On Friday, Mar 23, the Governor of Utah signed a bill “that demands the federal government relinquish control of public lands in Utah by 2014.”
At the core of the issue is limited access to about 28 million acres of federal land, which hurts energy development, recreation and grazing. State lawmakers claim the federal lands cost the state millions of dollars every year, although no comprehensive studies have been done to quantify those losses.
There are questions about the constitutionality of the bill which will undoubtedly be challenged in court.
What Do the People Think?
Think Progress Green has a great headline: “Astonishing New Poll: 91 Percent Of Western Voters Say Protecting Public Lands Is ‘Essential’ To The Economy”

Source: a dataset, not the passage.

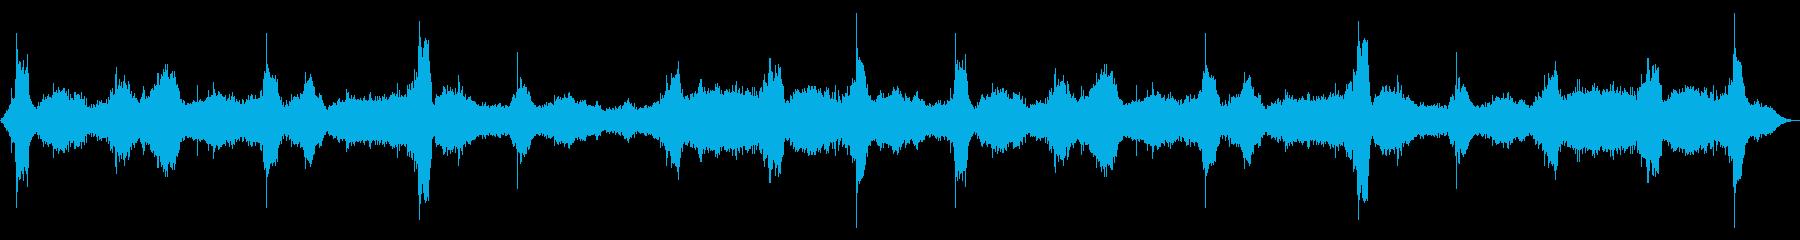 [生録音]海、波の音02(Lo-fi版)の再生済みの波形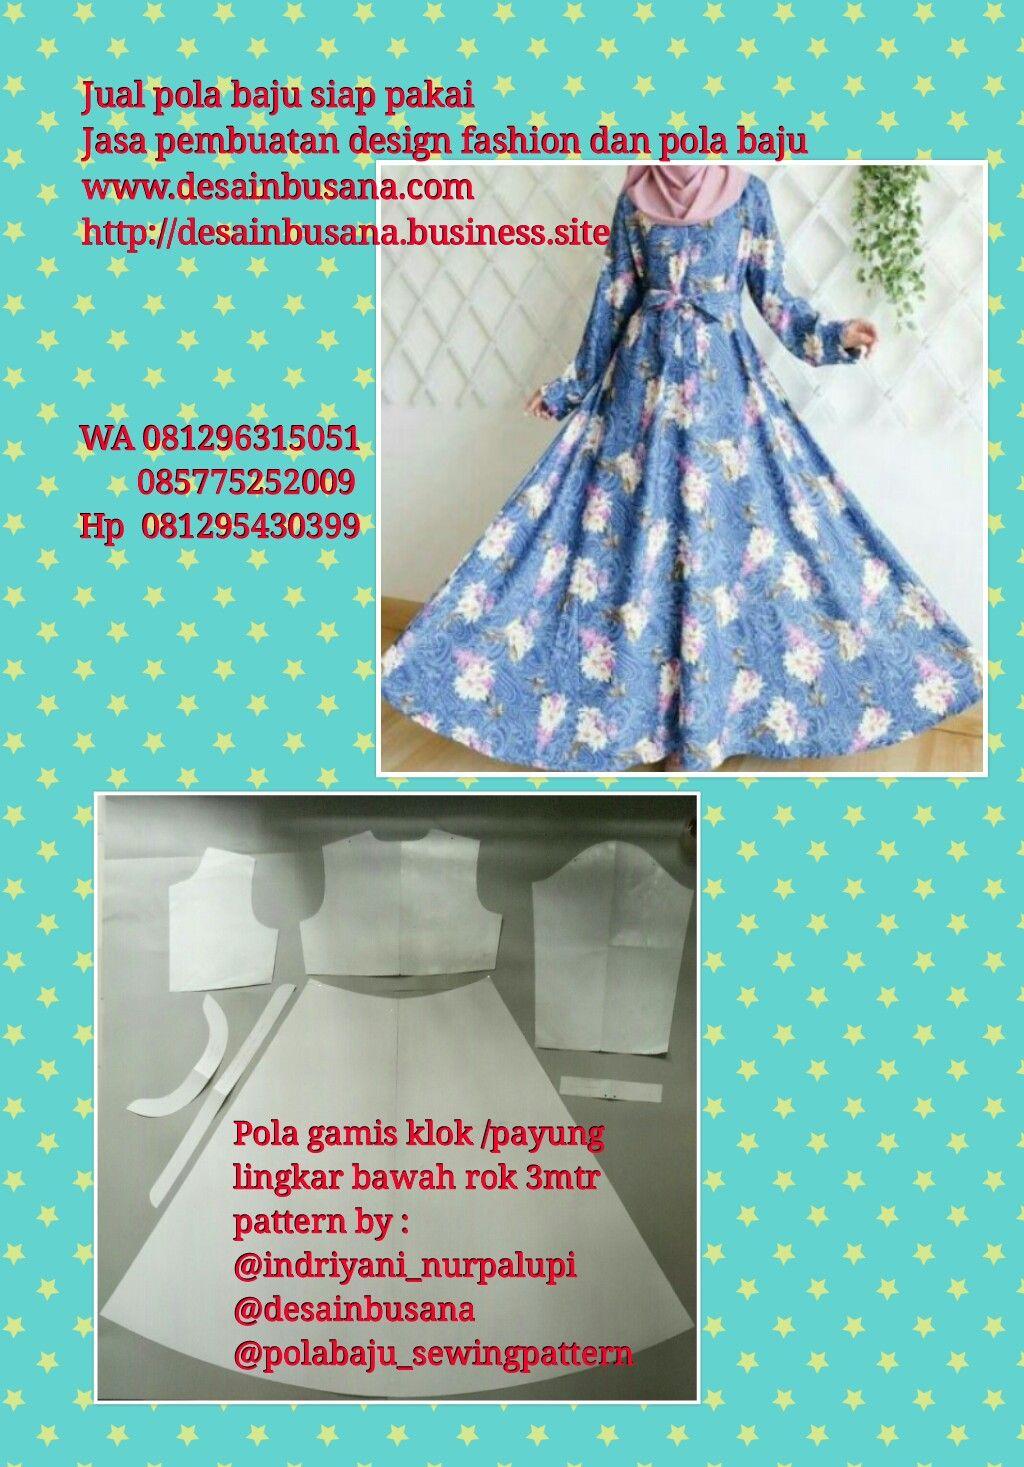 Jual pola gamis klok / payung ..www.desainbusana.com  Payung

And one of the things that were most interesting about this survey is the degree to which Democrats, Republicans and Independents in the West really share some common values when it comes to public lands and their importance, both to their quality of life and to the economy. What we found was that roughly 9 out of 10 westerners, regardless of party affiliation, believe that public lands in their state play an important role, not just in their quality of life, but as a driver of their economy. And to see that kind of agreement and unanimity across party lines reflects a pretty unique issue in the current political environment.
The results of this bi-partisan poll stand in stark contrast to the dozens of attacks on our air, water, and lands perpetrated by our recently-dubbed “most anti-environmental House [of Representatives] in the history of Congress.”
The Department of the Interior says that their activities “support over 2 million jobs” and generated “approximately $363 billion in economic activity for 2010.”
To sell off public lands would be like eating the seed corn. Part of this is the Libertarian fever to not have anything publicly owned and part of it is the Tea Party desire to raise revenues without either raising taxes or ending subsidies to big oil. Thus far, an overwhelming majority of people oppose selling off public lands. I fear that the provision in Ryan’s budget might go unnoticed.
Republicans Have Changed:
Here is Theodore Roosevelt:
Defenders of the short-sighted men who in their greed and selfishness will, if permitted, rob our country of half its charm by their reckless extermination of all useful and beautiful wild things sometimes seek to champion them by saying the ‘the game belongs to the people.’ So it does; and not merely to the people now alive, but to the unborn people. The ‘greatest good for the greatest number’ applies to the number within the womb of time, compared to which those now alive form but an insignificant fraction. Our duty to the whole, including the unborn generations, bids us restrain an unprincipled present-day minority from wasting the heritage of these unborn generations. The movement for the conservation of wild life and the larger movement for the conservation of all our natural resources are essentially democratic in spirit, purpose, and method.